Is it worth it for me to try to call around and see the best price for an Andersen French sliding door? Is there a fixed price for them?  
Also, what is this "Renewal by Andersen" that I get when I try to search for Andersen doors?  Is it the same company or someone trying to sound like they are the real Andersen company?  Thanks.


----------



## Square Eye (Mar 29, 2008)

Shopping around never hurt anyone. I am quite positive that Anderson sets minimum pricing limits and I'm sure that there's a retailer who would price gouge you without batting an eye.


----------



## guyod (Apr 10, 2008)

I know anderson has a silverline brand. i got a sliding glass door for about $300. But its not really an anderson just a cheap vinyl slider with an anderson sticker on it (builders grade). Im not not familiar with renewal but its probably the same deal if they are cheap.  i got mine at 84 lumber.


----------



## connsu (Apr 10, 2008)

I checked on a 3 door unit and it would cost me over $6000 with their installation of $1500. If I cut it down to 2 doors, sliders, plus a window, it might be more cost efficient plus cut down on heat loss.
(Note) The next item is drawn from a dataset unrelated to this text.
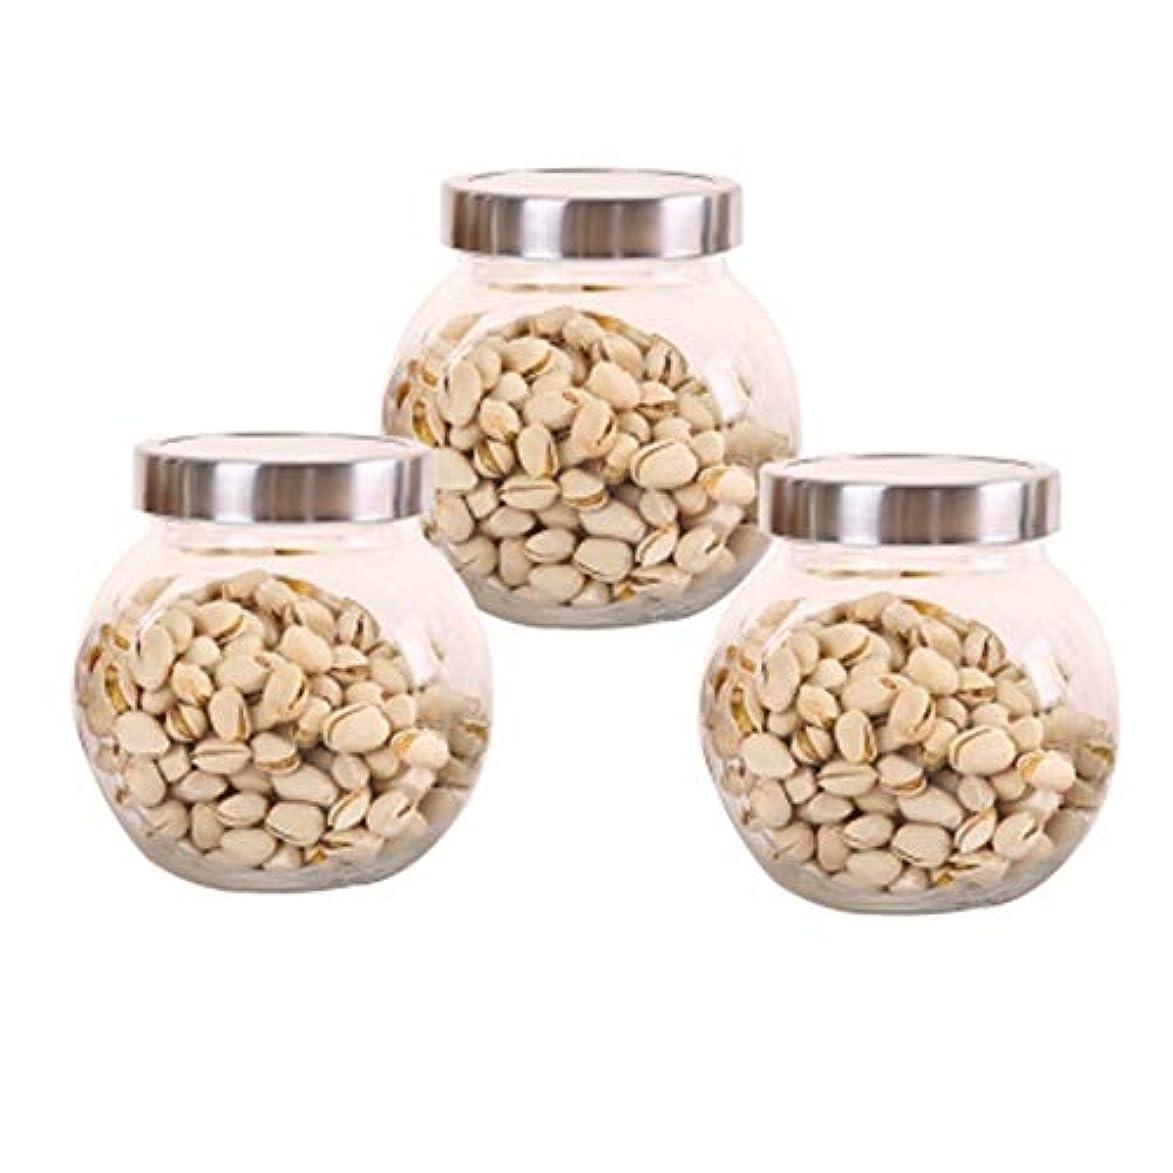 チェス反響するビタミン3つの鉛フリーガラスドライフルーツシールの保湿ストレージジャーのストレージジャーパック(3パック)

Three doors is a lot of glass.


----------



## vba1700 (Apr 12, 2008)

I believe the RBA are franchises.  I had the Phoenix, Arizona franchise come out and quote me a french door.  I was impressed with Anderson and RBA, but the cost was around $6200.  It appears that installation was about $2500.  Way to much for me.


----------



## John7447 (Apr 21, 2008)

Andersen doors are sold at whats called truck load prices means longer lead
time 4to6 weeks.The french wood slider is there best.There are sliding doors with a higher d.p rating  but in vinyl,fiberglass and metal not in wood.


----------



## harrisnb (Aug 19, 2008)

You are quite right in that Andersen offers better rates to higher volume dealers. These dealers can pass on the savings to their customers, or keep it for themselves. Often, retailers who offer other building supplies, will discount door and window orders if their customer will purchase their other building supplies (2x4's, block, etc.) from them. Some of your better pricing might come from a big box retailer.


----------